Slain former Pakistani premier Benazir Bhutto had a premonition that she would be murdered and had said her farewells to her near and dear ones, her sister has revealed.
Bhutto's younger sister Sanam, who declined to take on the leadership of the Pakistan People's Party after the two-time prime minister was assassinated last month, said,
"Towards the end, she had this soft look and sadness in her eyes. I can't explain it: it was just this different look."
"She was very nice to everyone, very considerate. Although she was going through some stress, she thought about each one of us. It was as if she knew she was saying goodbye," Sanam was quoted as having told her journalist friend Daphne Barak by The Telegraph newspaper.
"She even bought a present for my daughter, and instead of giving her money she gave her a very special necklace," said Sanam, who lives in London with her two children.
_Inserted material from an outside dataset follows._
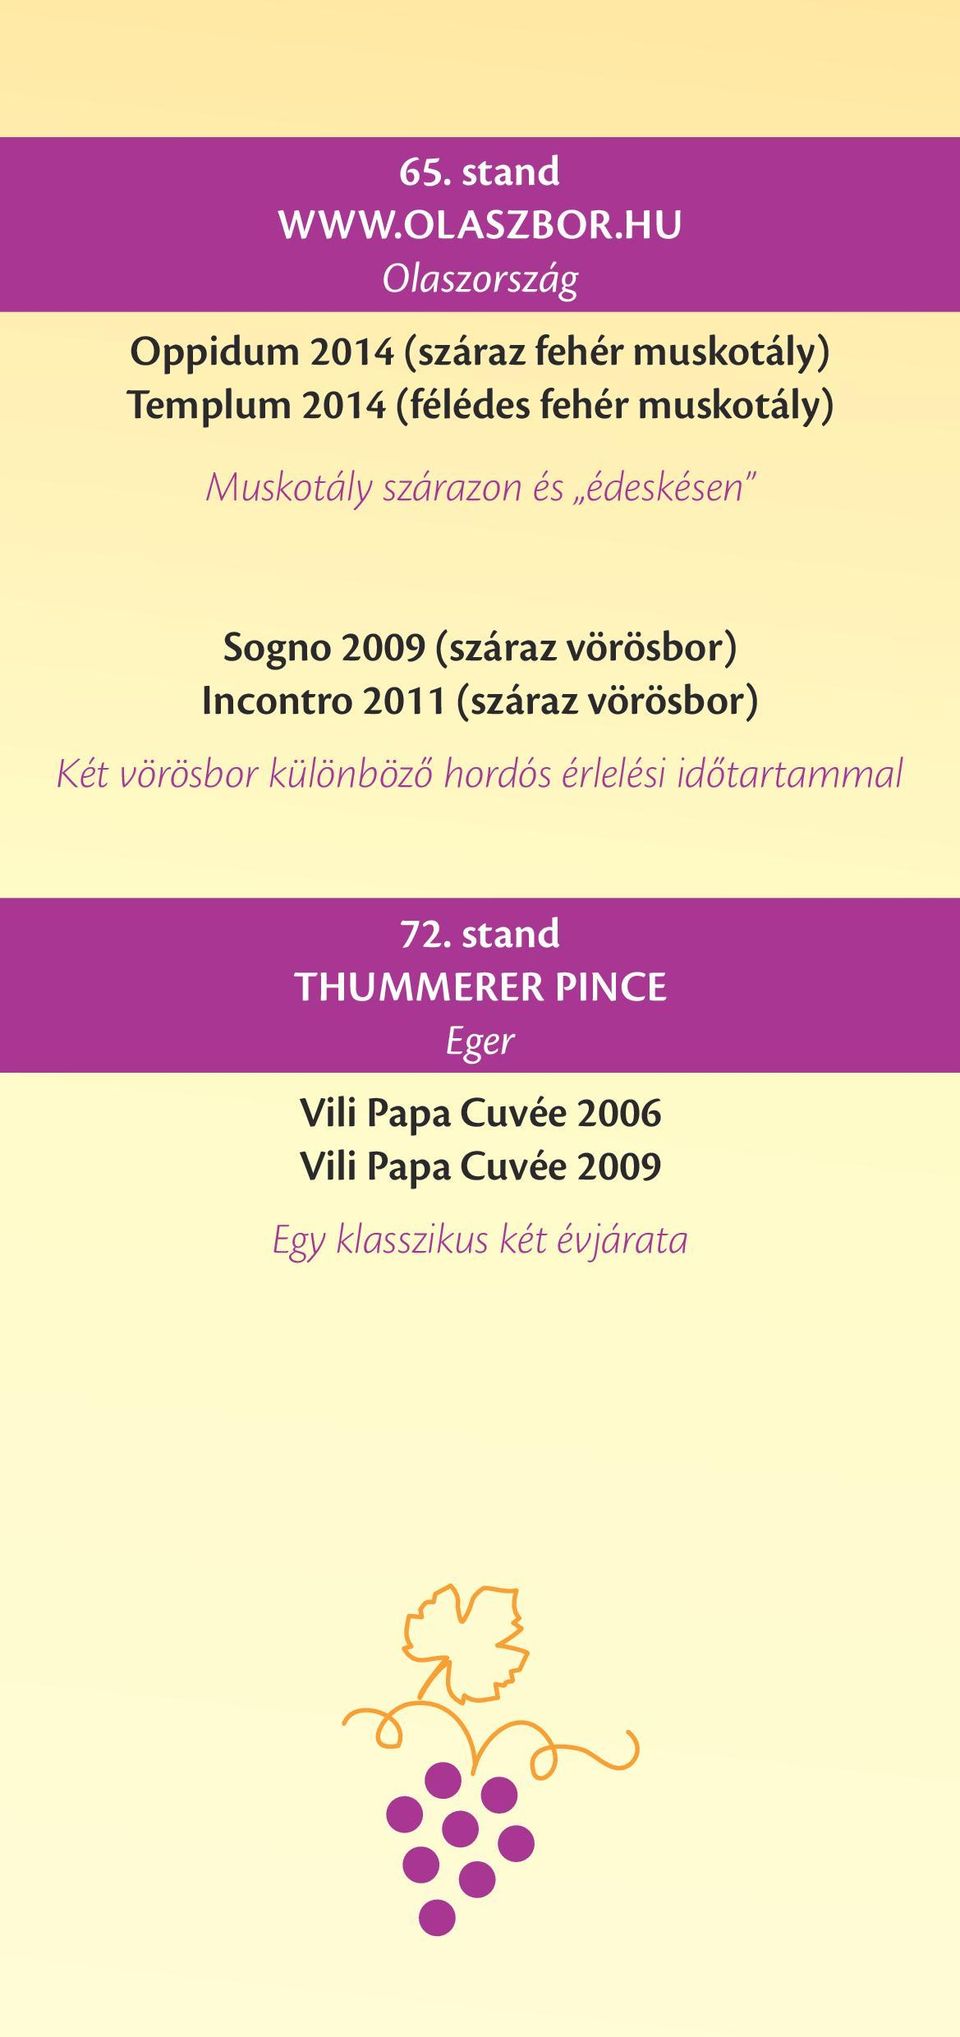 muskotály) Muskotály szárazon és édeskésen Sogno 2009 (száraz vörösbor) Incontro 2011

Sanam was also quoted by the newspaper as vouching rather indirectly for Bhutto's controversial will in which she bequeathed the PPP to her husband Asif Ali Zardari. Sanam said her sister wrote the will shortly before she returned to Pakistan from exile on October 18 last year.
"Two days before she left for Pakistan, she wrote a 17-page will," said Sanam, the only surviving child of the late PPP founder Zulfiqar Ali Bhutto.
Sanam also revealed that she is organising a tribute for Bhutto in the United Kingdom.